Me animaría a decir que una parte del sentimiento de maravilla de mi veredicto se debe a que está perfecto eso que me gusta llamar la Combinación Mágica. La Combinación Mágica sugiere que se hace realidad una experiencia gracias a la mezcla de lo vívido y lo confuso.
Por ejemplo, sé que viví fielmente la autoconciencia adolescente de la protagonista de “Angelito” cuando, frente al hombre que admira, siente sus cachetes arder como los de “una aldeana de un pueblo de montaña que vuelve de arriar a las cabras y es fotografiada entre pinos y nieve”; juro que la sentí en carne propia. Y estoy segura de que cualquiera podrá escuchar el ruido de los cuatriciclos en “Médanos”, sentir la tiara ajustada en el cráneo en “Gabriel” o el calor en “Embarcación bebé”.
Pero el talento para describir escenas vívidamente no alcanza cuando no viene acompañado del otro factor de la combinación: lo confuso.
Lo confuso en “Angelito”, por ejemplo, se instala unos renglones después cuando vemos que hay una señora enterrando objetos entre las plantas. Y es justo ahí, creo, que todo —los cachetes, el hombre, la ropa, ella— se vuelve realidad; justo cuando eso confuso, ese símbolo que no tiene traducción fiel, aparece. ¿Acaso necesitamos no entender lo que estamos viendo para que todo se haga realidad?
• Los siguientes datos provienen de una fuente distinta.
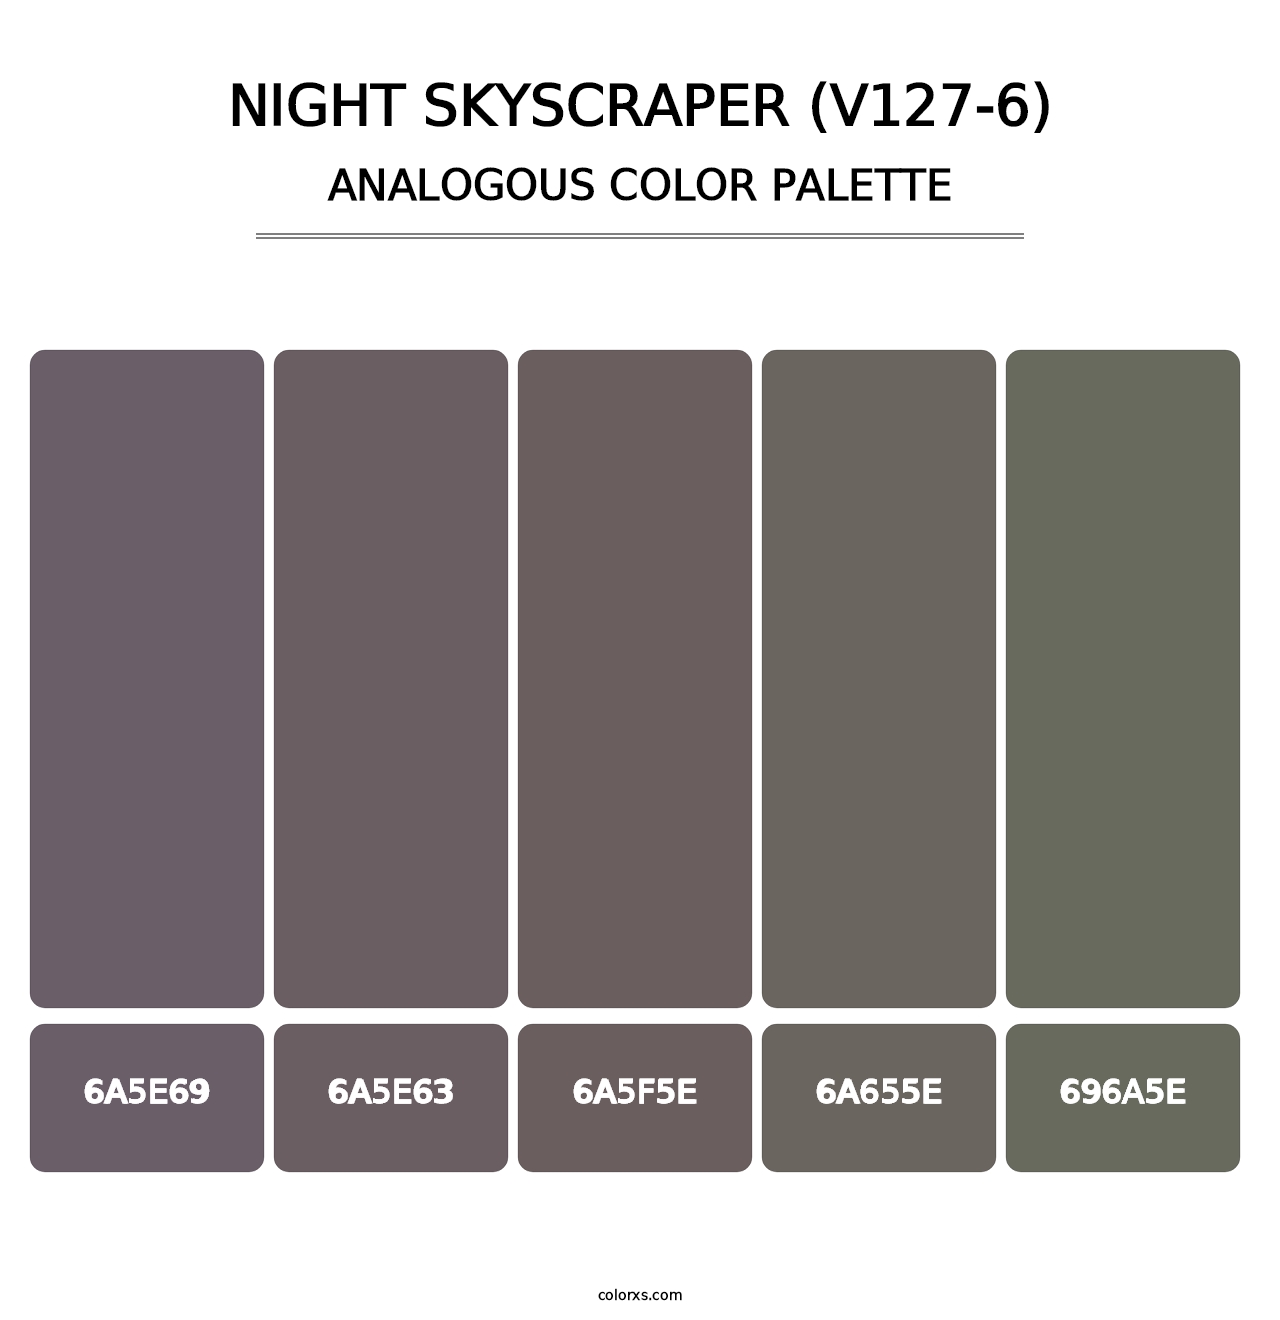 Night Skyscraper (V127-6) - Analogous Color Palette

Después, al recordar el primer cuento del libro, “Un amor más grande entre nosotras”, y tratar de entender la escena del chico que pega continuos latigazos a una pared mientras se lamenta la herida de un caballo, intenté crear tercas teorías psicoanalíticas o literarias, pero fallé. No podía resolver el misterio que se encierra en esa escena. Es que en una historia que tiene atravesadas, como espadas filosas, cuestiones de clase, de amor, amistad y mandatos infantiles, no se puede meter la mano así nomás, no es fácil.
Este libro no se entiende en su totalidad, no hay de dónde agarrar; lo confuso y lo vívido se mezclaron tanto que todos sus personajes son absolutamente reales. Cada experiencia sucedió, si la leíste.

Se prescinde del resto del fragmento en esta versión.